When tallied up with other Biden proposals, the total tab comes to $6 trillion. That’s more than the United States spent on World War Two and Vietnam combined. It’s about seven times the cost of the New Deal and 10 times the cost of the moon landing. It’s enough to buy 30 Jeff Bezoses and launch them all into space on separate phallic-suggestive rockets. Let’s say Biden abruptly decided that America needed to become the world’s premier cat lady. With that much money, we could purchase 60 billion cats, enough to throw off the rest of the planet’s ecosystem.

This is insane. It’s an indictment on us as a nation. Yet along comes Joe Biden, looking every inch the Atlantic City loan shark, to claim that somehow the entire bender will be paid for, which should only prompt us to allot another billion for a White House laugh track. Per Democrats, the usual formula of ‘taxing the rich’ and hiking levies on smokers can provide. Even allowing that writing this column makes me want to stick four Marlboros in my mouth at once, the math there does seem a trifle fishy.

Meanwhile every light on our fiscal dashboard is flashing. Fitch’s agency might have awarded us a credit rating of AAA, but their outlook for our future is ‘negative’, a result, says Fitch’s, of ‘ongoing deterioration in the US public finances and the absence of a credible fiscal consolidation plan’. The Congressional Budget Office says that debt as a percentage of GDP is set to almost double by 2051, and warns of slowed growth, higher inflation, fiscal crisis. Actuaries predict that the Medicare trust fund will run dry in five years. And the interest we owe on our debt is snowballing, so much that it threatens to crowd out the rest of the federal budget.

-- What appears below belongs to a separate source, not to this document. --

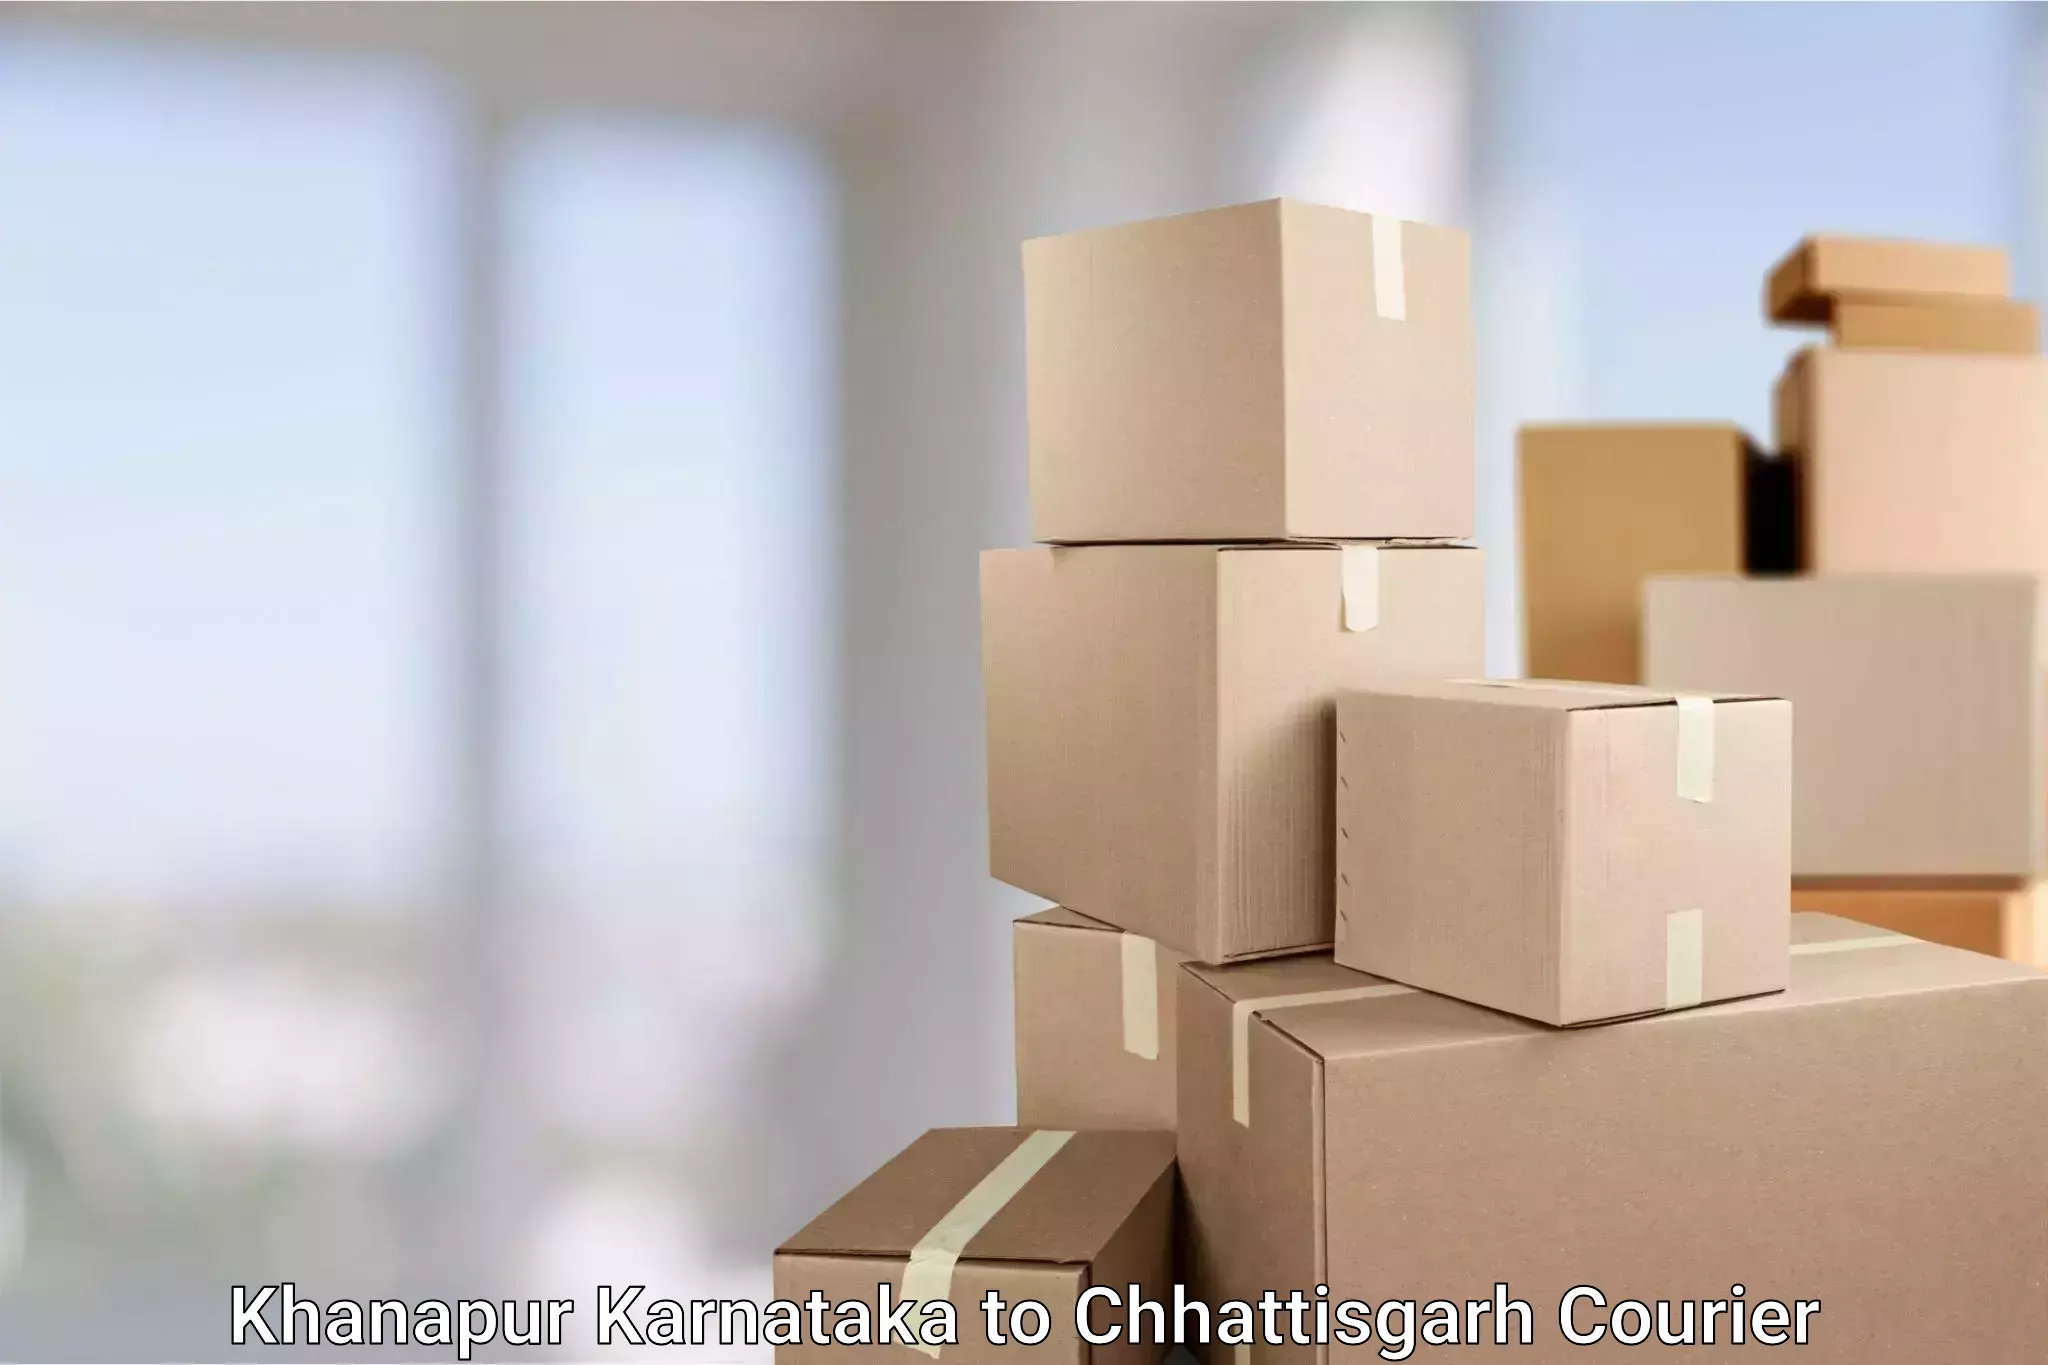 Tailored freight services Khanapur Karnataka to Chhattisgarh

This spree has been enabled, first, by the fact that Congress is Congress and inclined by nature to spend money it doesn’t have. And second, because there have been no serious consequences for our drunken sailoring. The angry Tea Party town halls are over. The phones no longer melt down. And admittedly the deficit hawks haven’t done themselves many favors. Warnings of inflation from Barack Obama’s stimulus package didn’t pan out; neither did comparisons to modern Greece or ancient Rome. Our profligate lunacy continues unabated primarily because it has yet to result in any palpable damage.

Or has it? Economic growth has slowed in recent years, which many economists say can result from high debt. Yet let’s concede the point for a moment. Let’s say that so far we’ve gotten away with fiscal murder. Who wants to wager the next generation’s future that this will continue? Who wants to put up our kids as collateral on a bet that the laws of economics have somehow been transcended? Yet this is what Capitol Hill is doing. We are no longer ‘kicking the can down the road,’ as the fiscal hawks used to say; it’s more like packing the can full of C4, lining up our children at midfield, flying in Baltimore Ravens kicker Justin Tucker and assuring him the thing won’t explode because actually it’s an investment in our future.

There’s no logic to any of this; record spending at a time of pent-up demand is not some kind of twelve-dimensional chess. Unlike Bill Clinton, unlike even Barack Obama, Joe Biden’s Democrats are simply out of ideas. Reform the wasteful and bureaucratic way we allot infrastructure funds? Simplify the tax code? Nah. Just set the machine to autopilot and blow out money to the usual causes and interest groups. As Jonathan Bydlak recently pointed out, the Republicans are hardly much better. Pointing quiveringly at the socialist menace now that Biden is in the White House, they ignore the fact that every united GOP government this century has also piled on the debt.

In which case: shame on all of them. And maybe it’s time to invest in that giant horde of cats after all. Surely a parliament of screeching felines would do a better job of governing us than this lot.